## Source material
[Start of section]
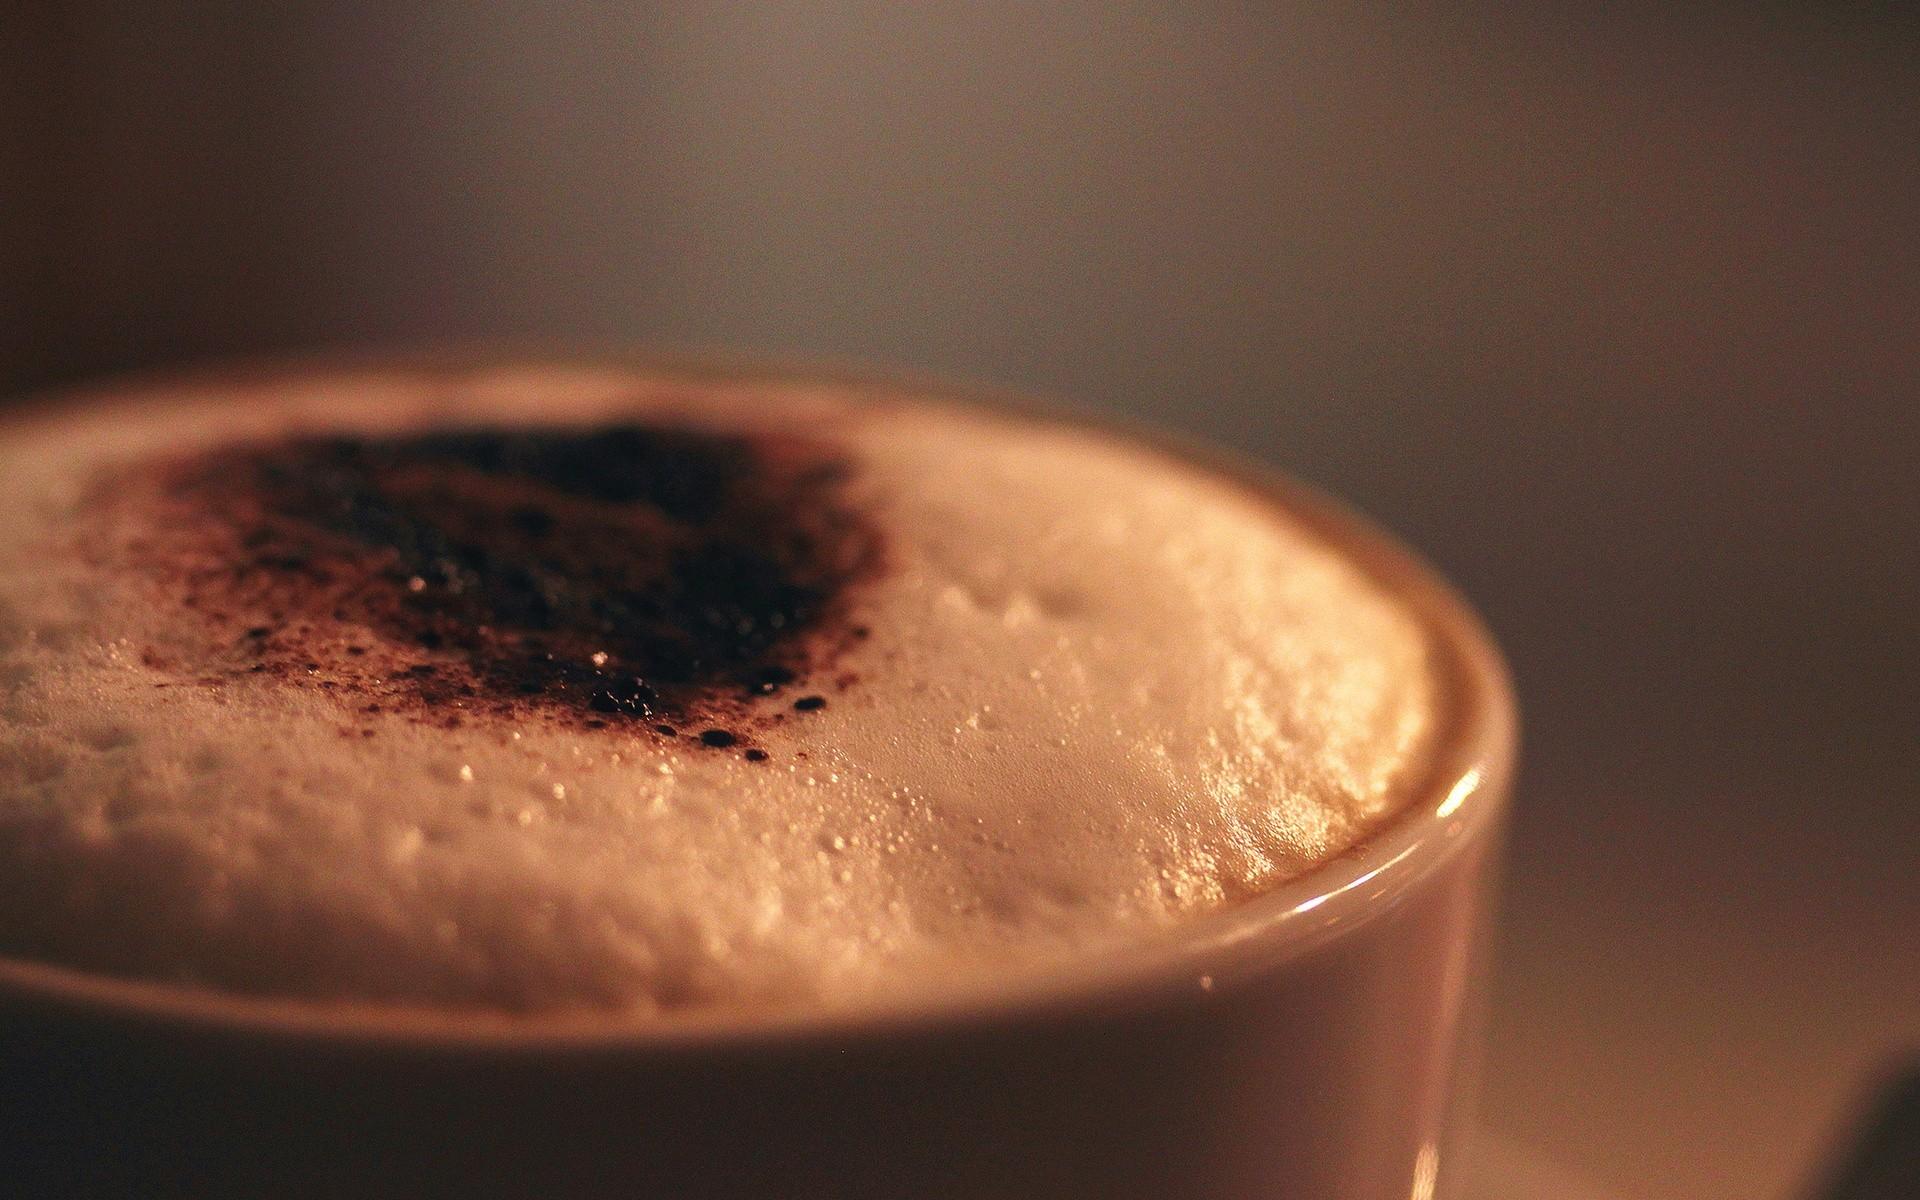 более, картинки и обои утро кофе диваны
[End of section]
[Start of section]
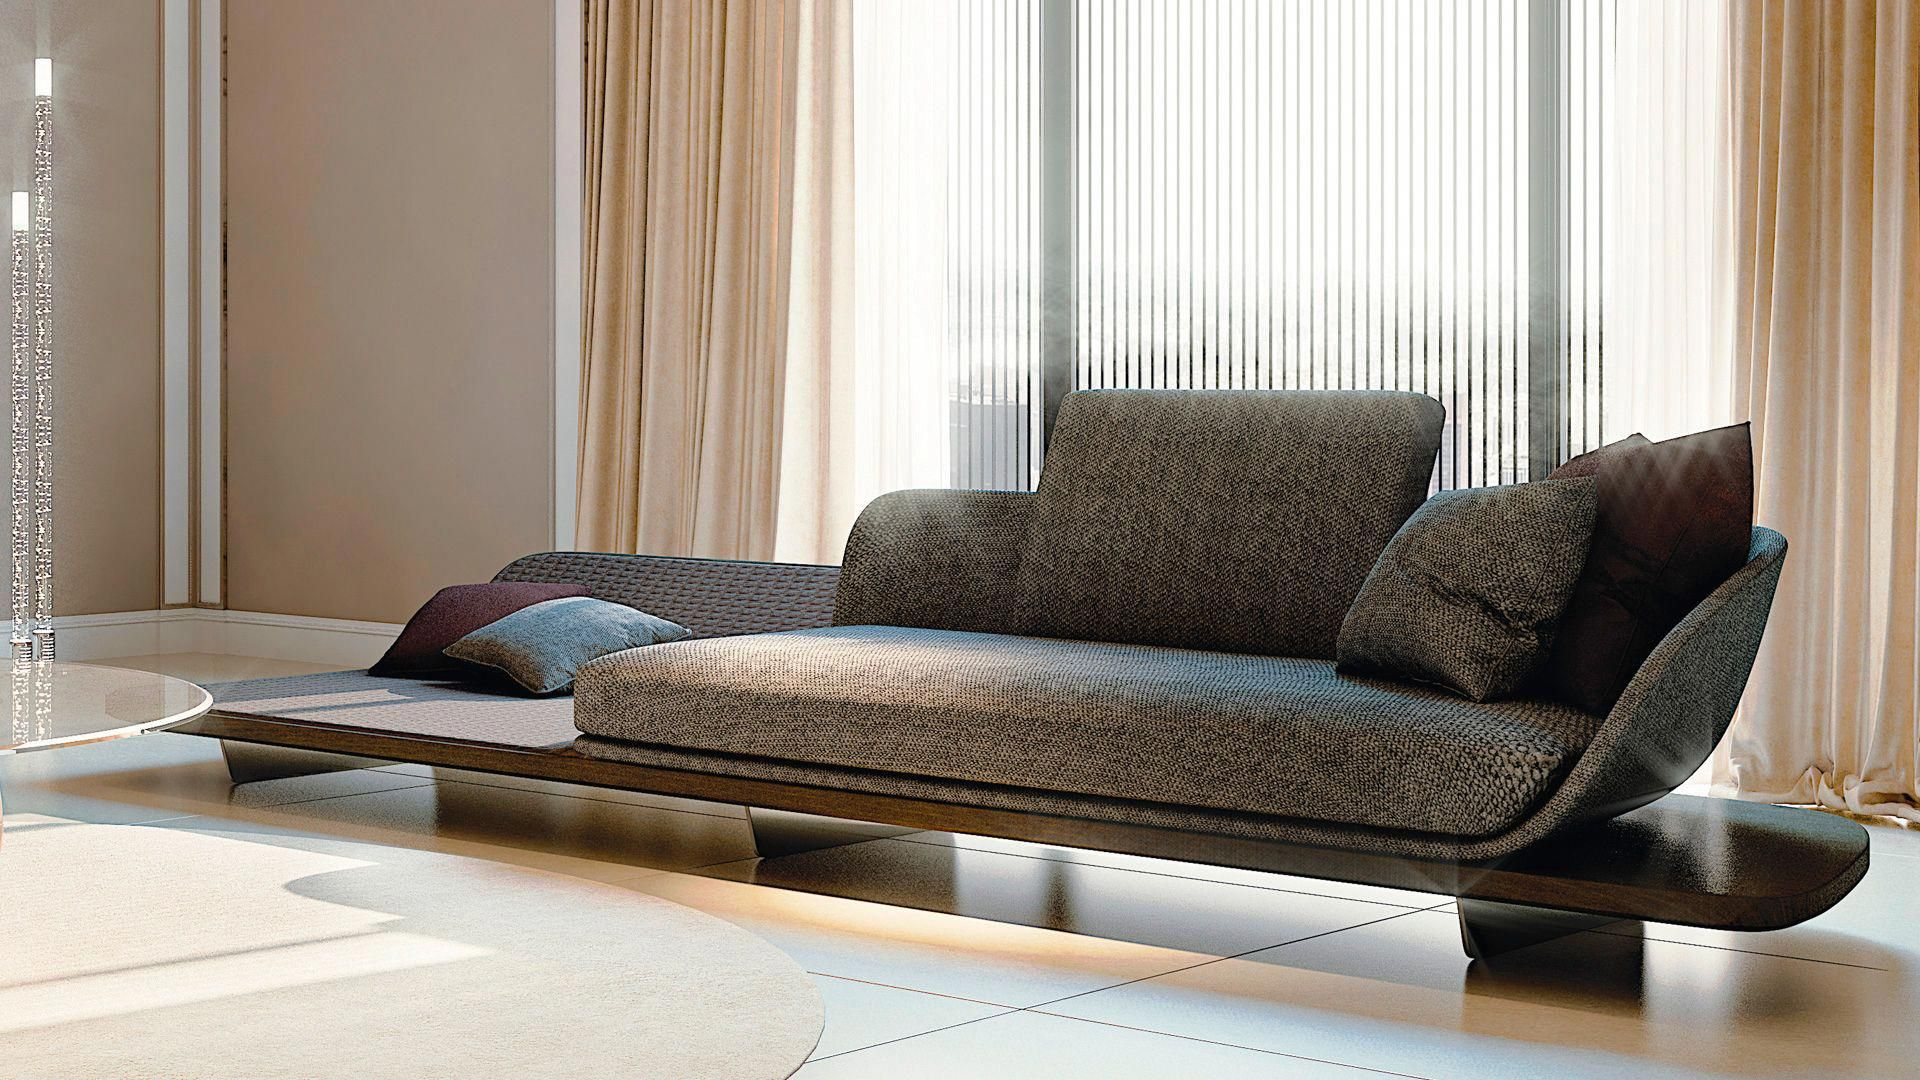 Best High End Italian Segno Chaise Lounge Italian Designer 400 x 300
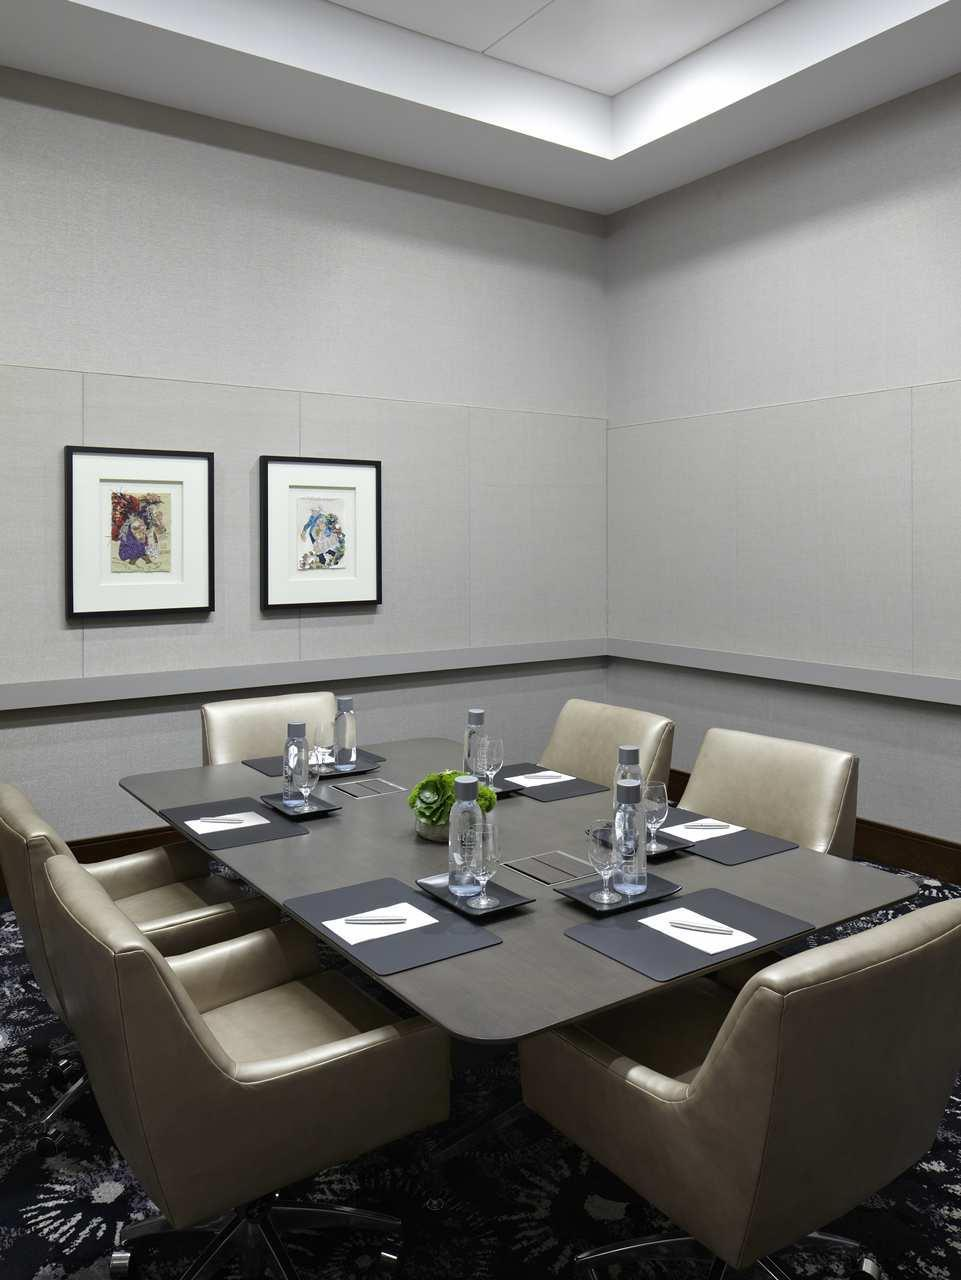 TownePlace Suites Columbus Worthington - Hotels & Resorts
[End of section]
## Problem statement
When copying from the data above, begin at the line containing "Best High End" and end at the line containing "TownePlace Suites Columbus"; return those lines exactly and leave all pictures behind.

## Answer to the exercise
 Best High End Italian Segno Chaise Lounge Italian Designer 400 x 300
 TownePlace Suites Columbus Worthington - Hotels & Resorts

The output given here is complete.